It’s almost Black Friday. I don’t even enjoy shopping on a regular day, so I won’t be going out to brave the crowds. But I did want to write a post of appreciation for a few of the best toys in my house. Toys are pretty important for those little ones, and with so many to choose from, choosing the right ones for gifts is a big deal. These are toys that have lent a nice atmosphere to our home. I’m not going to link it to Amazon or be very specific. You can do your own research. I just wanted to share the general type of toy.
The number one best toy for my son is the wooden, connectable train track. It has a lot of pieces, can be put together many, many ways, has clear instructions for four impressive track plans (which I laminated), and has stood the test of time. We gave it to my son when he was three. He is now almost nine. It still gets happily played with.
Toys for girls are a little harder to choose because my girls play with a wider variety of things. Both girls have had a lot of fun with a jump rope I picked up for a quarter at a garage sale. And yes, I let them jump rope in the house. We have high ceilings.
Mostly, my girls like to accumulate things. The more stuffed animals, the better. The more little figurines, the better. The more dolls, the better. They play pretend with these things, scattering them all about the house, making endless collections of them in strange places. Sometimes they use their small dollhouses, sometimes they don’t. Barbie dolls are included here. I know that’s controversial, but I don’t think I was scarred for life by playing with Barbies, so I doubt they will be either. So the girls like multitudes of small things for pretend play.

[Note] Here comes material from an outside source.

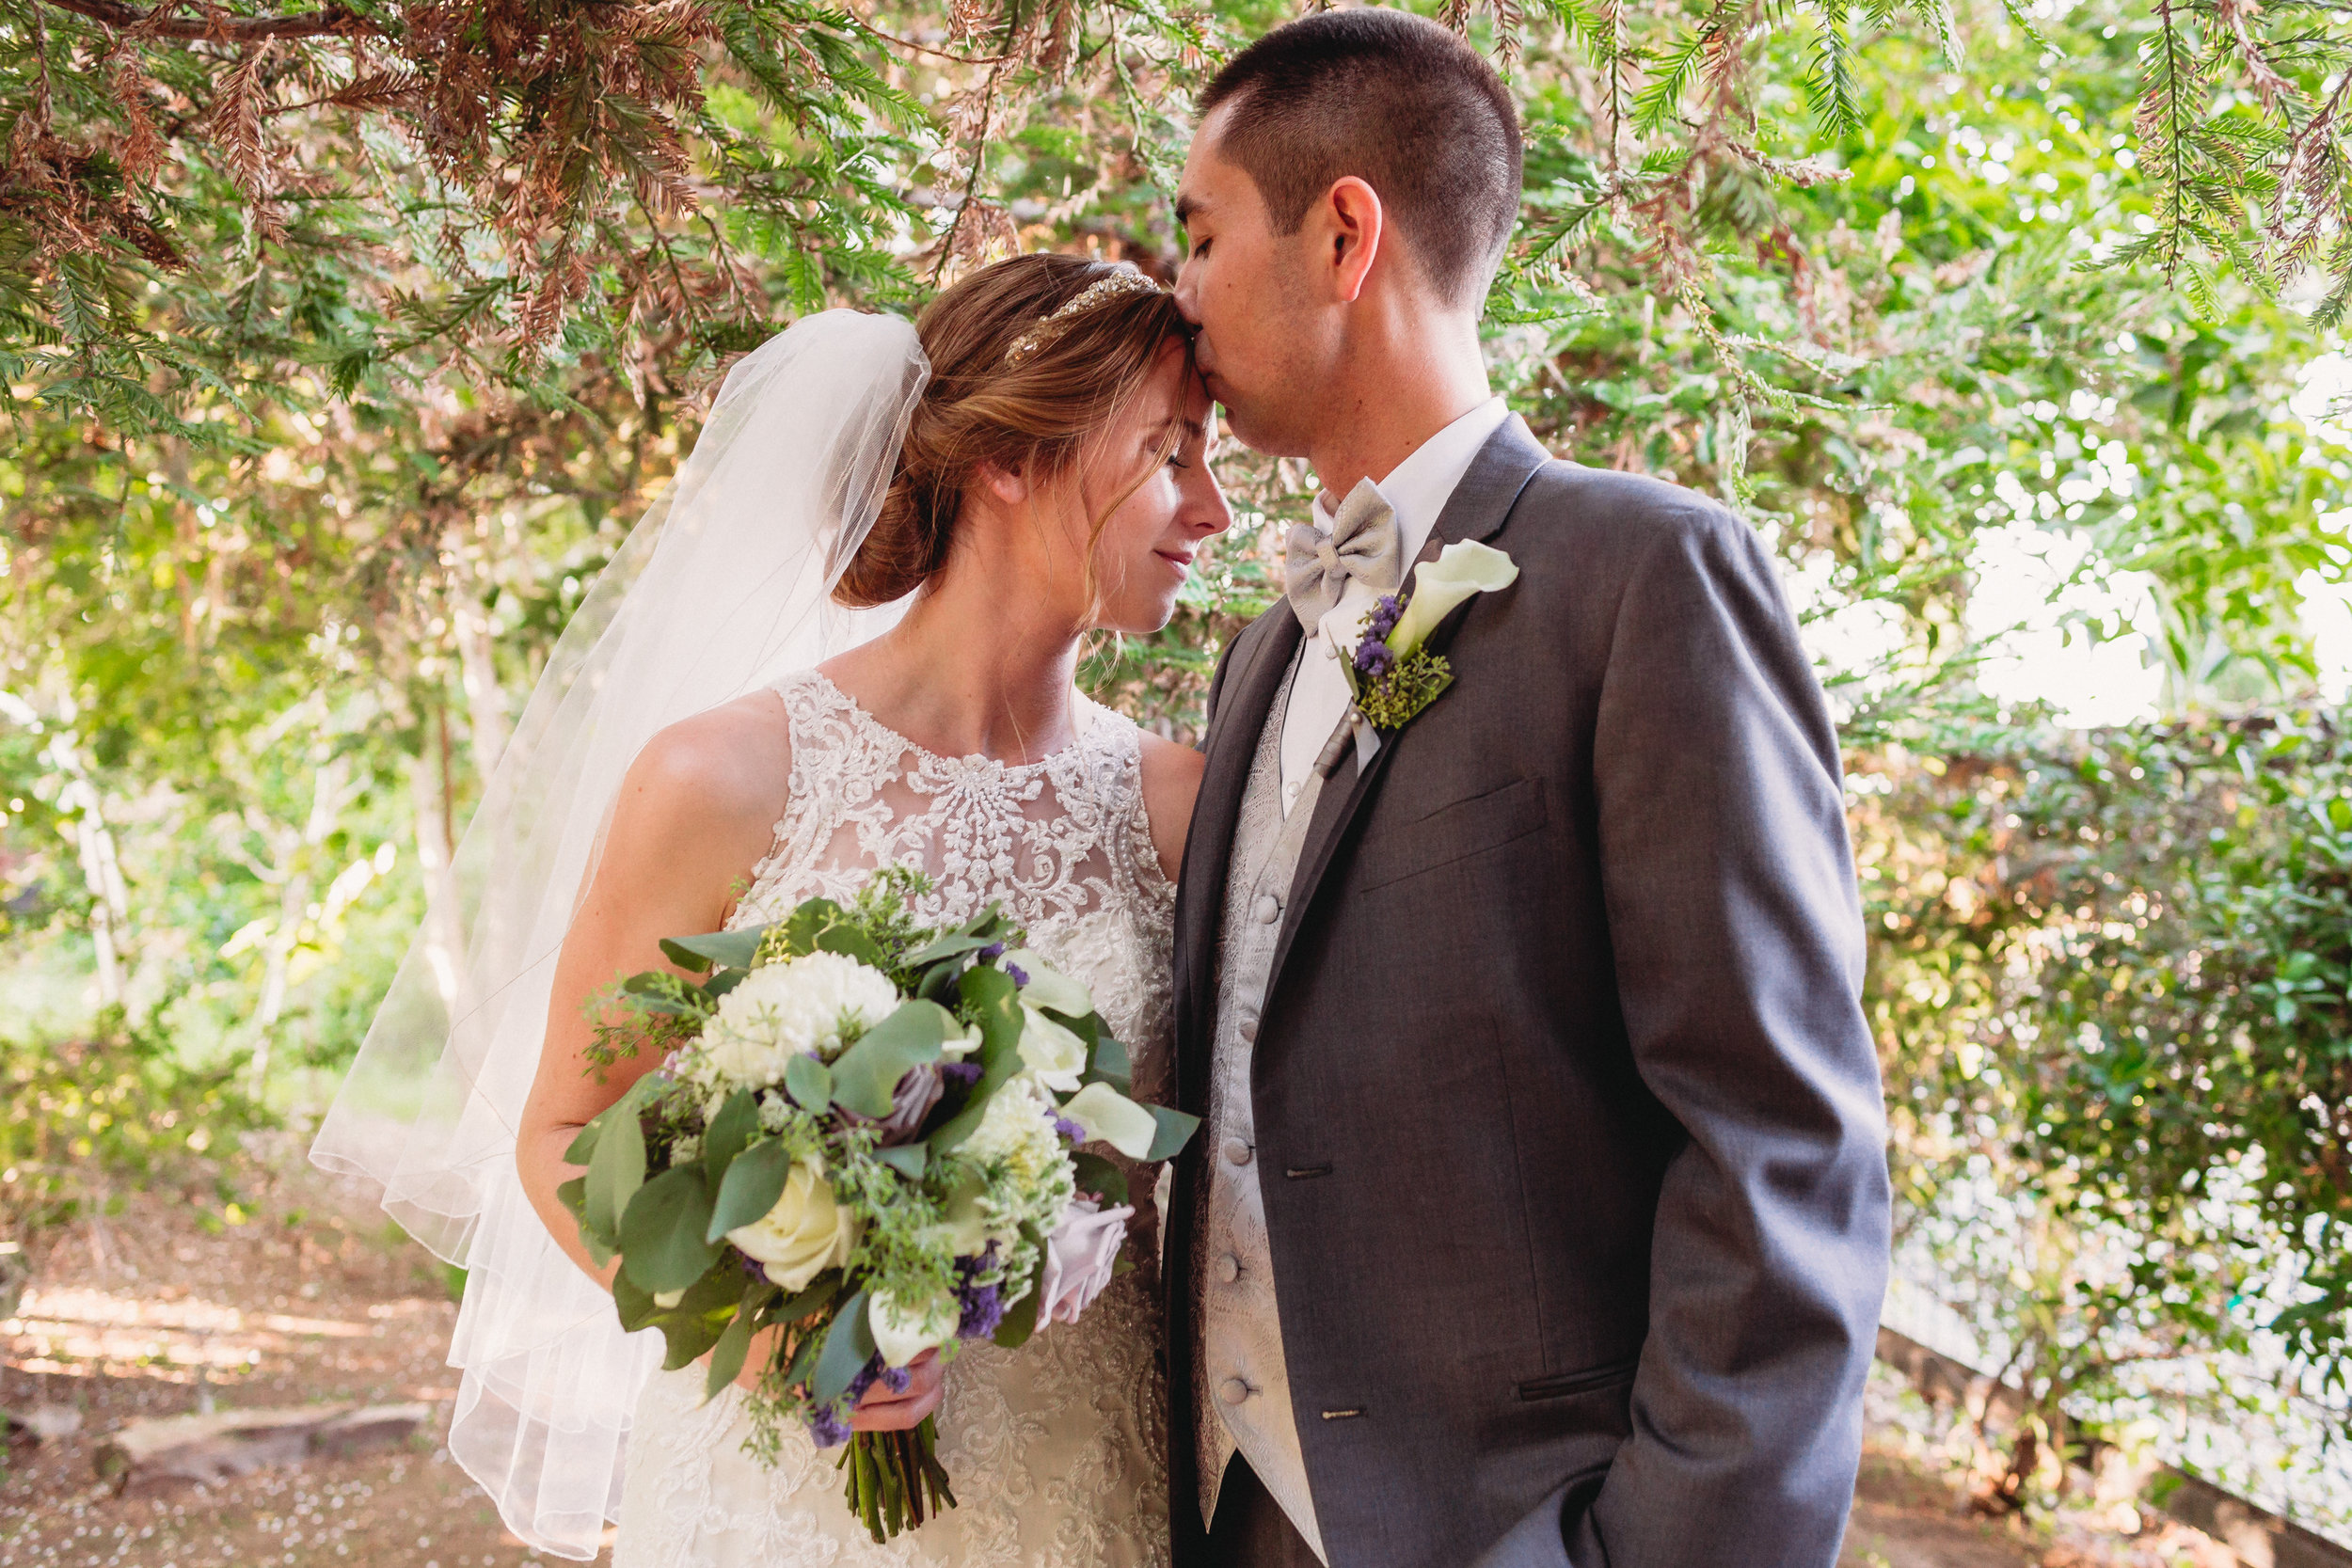 rebeccaylasotras-bay-area-garden-wedding-53.jpg

Thinking back to my own childhood, I remember playing with my paper dolls a lot. I scattered them around in strange places (I suppose my mother thought), but really I had a very intricate world planned for them. I think that might be why I am a fiction writer today. I still have those intricate worlds in my head, and I like to move people around in them. I hope the toys my own kids play with inspire them well into adulthood.